Staying Safe On National Bike To Work Day
It’s National Bike To Work Day. If you plan on still taking your car today, it’s good to be aware of this holiday since there may be an increase in cyclists on the road. If you plan on participating in the holiday, that’s great! Maybe it will warm you up to the idea of biking to work—and everywhere—more often, not only saving precious gas money but also burning calories early in the day and reducing your carbon footprint. That being said, many people only hop on their bicycles for this one day of the year, and are a little rusty when it comes to how to navigate the city safely on two wheels. If you live in an urban area, riding a bicycle comes with a particular set of hazards. Don’t just take your old, dusty bike out of storage five minutes before you leave for work, planning to hop on and ride off as if you do this every day if you do not do this every day. Here are tips for staying safe on National Bike To Work Day.
Inspect your bicycle
If you haven’t taken the old bike out of the shed in a while, be sure to inspect it before hopping on. Make sure the chain isn’t cracked in any spot and is turning properly. Make sure the brakes are working. Check the air pressure on each tire and look over the tires for any holes. It’s better to discover these issues in the safety of your driveway than through a mishap on the road.
Practice if it’s been a while
You know the old saying, “It’s like riding a bike?” the implication being that is something you never forget to do? Well, don’t fall for it or you may literally fall over (I did!) If you haven’t ridden in years, your legs may be wobbly. It’s best to take the bike for a spin in a safe, quiet area before heading out into the busy city streets.
Plan a calm route
Don’t automatically bike the same roads to work that you’d normally drive. These may be too hectic for a cyclist. Take a look at your city map and identify quieter streets with less traffic. Only traverse major boulevards when you have to.
Be cautious of parked car doors
Stay at least three feet away from parked cars, with the understanding that, at any moment, someone inside those cars could open their door, sending you crashing into the door, and flying heels over head.
Do not weave in and out of traffic
Do not weave between cars in order to bypass traffic. This is a common way cyclists get into accidents. Drivers are not used to preparing for the reality that a bicyclist may come zipping by them at any time, when all of the other vehicles are at a stand still.
Respect lights and stop signs
Though the laws around cyclists and traffic signals are different in every city, and some say they simply don’t apply to cyclists, obey these signals anyways. It’s the best way for you to stay safe. Blowing a stop sign or red light, though possibly legal, does increase your chances of getting in an accident.
Never make an assumption
Never assume a driver has seen you. Never assume a driver will stop. Never assume a driver won’t be making a turn, just because his turn signal isn’t on. Assumptions can get you into some dangerous situations out there. Always err on the side of safety, communicate with other drivers as much as you can, and prepare for the possibility that others will be unpredictable.

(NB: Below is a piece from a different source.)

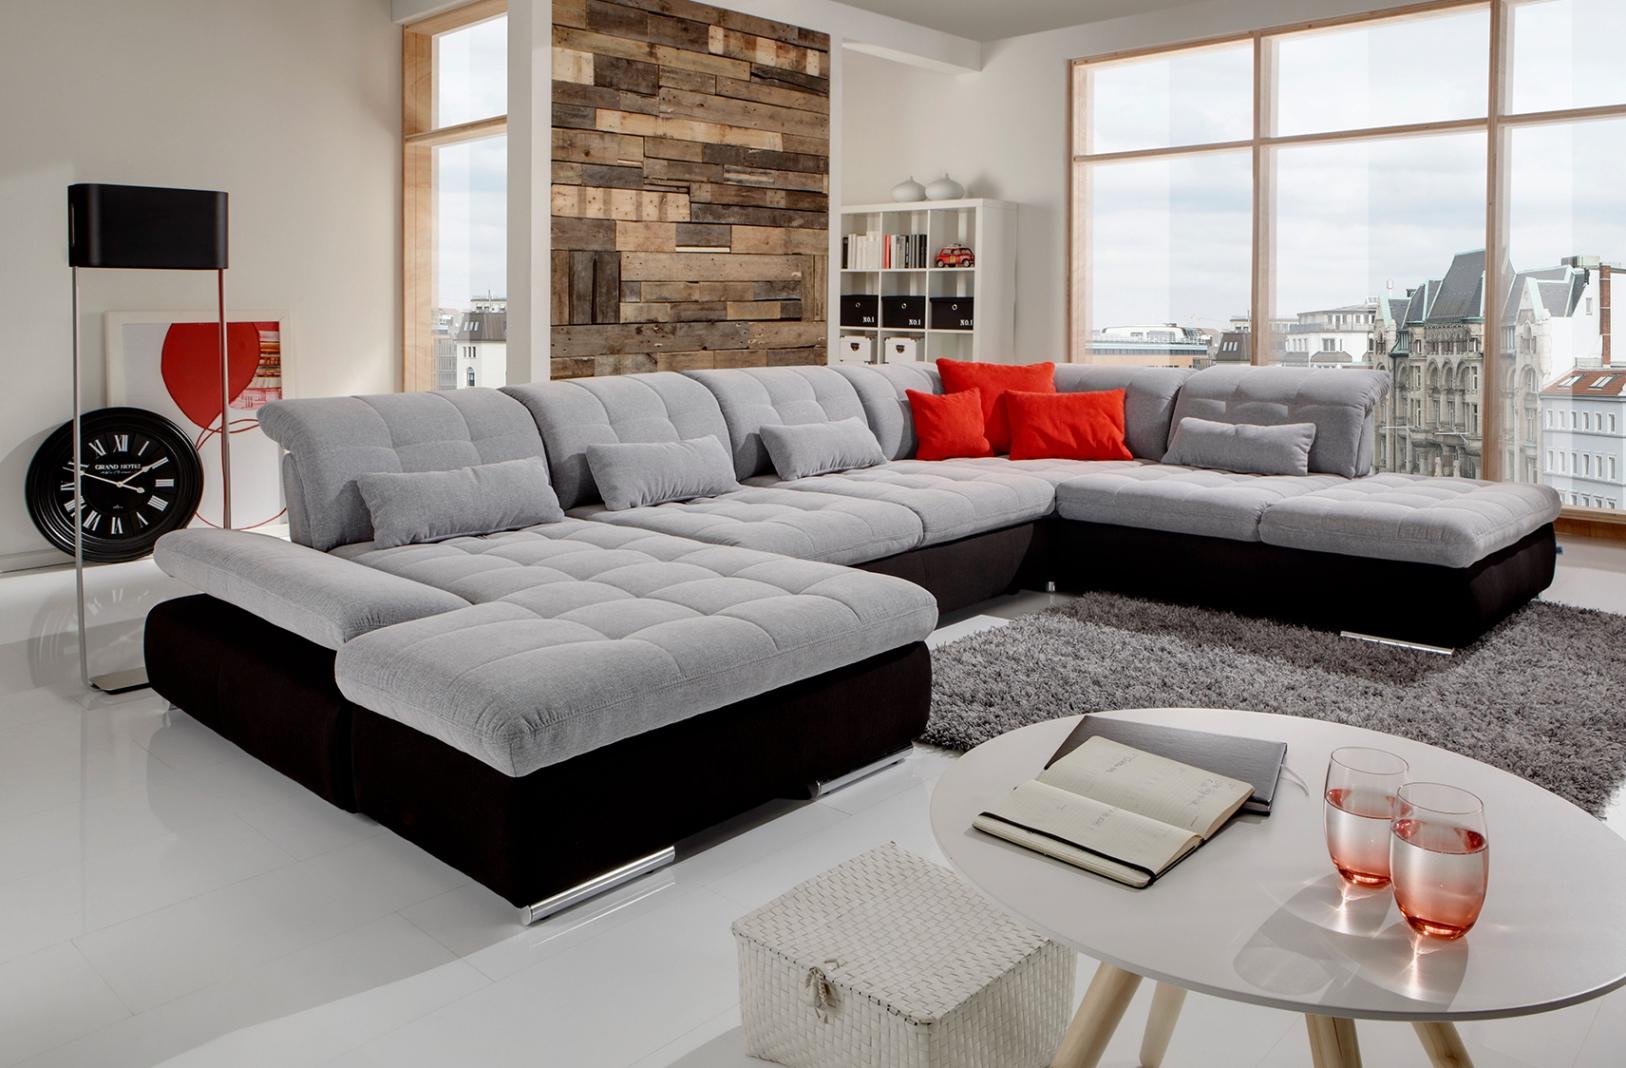 Alpine Sectional Sofa Sleeper With Storage
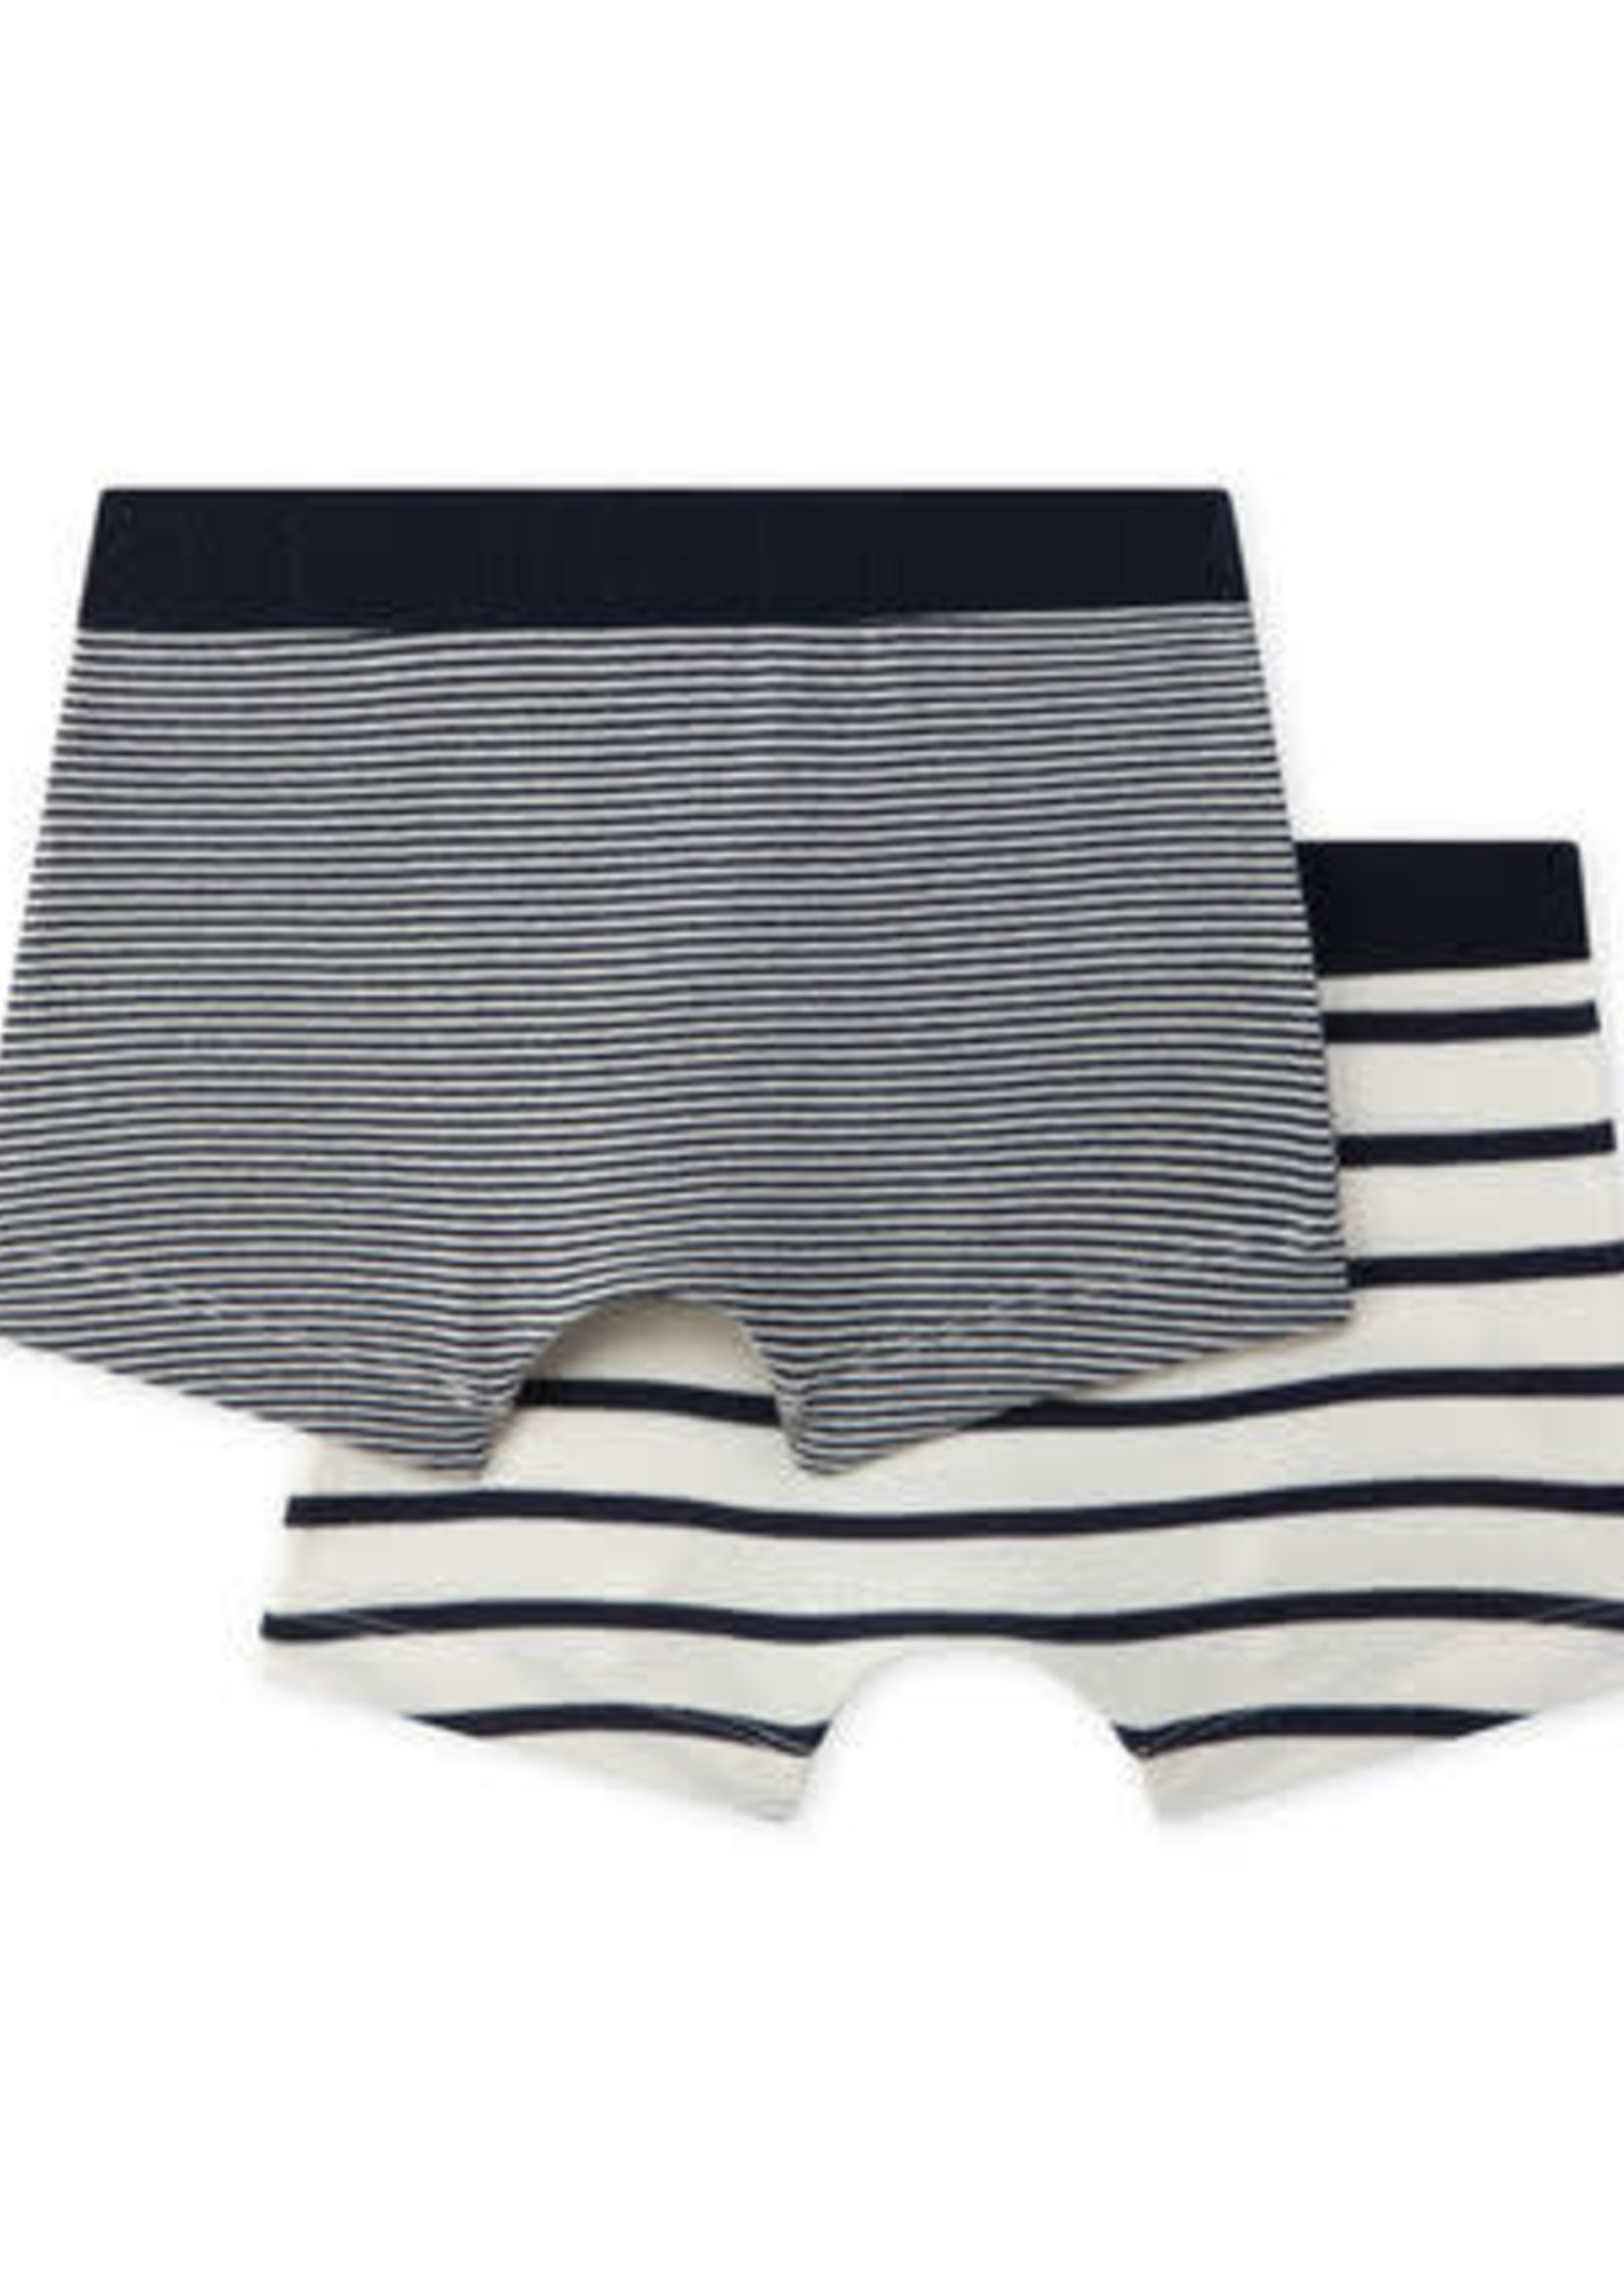 Petit Bateau Petit Bateau Boys' Boxer Shorts Sets SS20-5334300

Make eye contact with drivers
Make eye contact with drivers before doing any maneuver that you think could put you at risk. Whether you’re crossing in front of them, or taking the right of way at a stop sign, make sure some communication has occurred first.
Use hand signals
Brush up on your cycling hand signals, as these are some of the greatest ways to communicate your next move to drivers and other cyclists.
When others can’t see you, make noise
If you are approaching someone from behind, or you simply know that a driver, other cyclist, or pedestrian has not seen you, use your voice to alert them to your presence, or ring your bell. A simple “Passing on the left!” could prevent an accident.
Wear a helmet, elbow and kneepads
Though they may not be the most attractive things, and while they can be clunky to store once you arrive at your destination, proper headgear can make the difference between life and death in an accident. And elbow and kneepads can greatly reduce cuts and scratches.
Use reflectors at night
Depending on the time of year, the sun may set before you head home. Make sure your bicycle has reflectors. You, too, should wear reflective clothing. Add a headlight to your bike. Do everything you can to make your bicycle visible in the dark.
Generally make yourself visible
Even during the day, it’s important to make yourself visible. Remember that drivers aren’t used to looking for cyclists. Wear bright, reflective clothing so drivers can easily spot you.
Be cautious around right turn lanes
While there are laws surrounding when a driver may enter the bicycle lane in order to make a right turn, many drivers don’t obey those laws. If you are approaching a red light, be aware that drivers may suddenly pull into the bike lane early to make their right turn.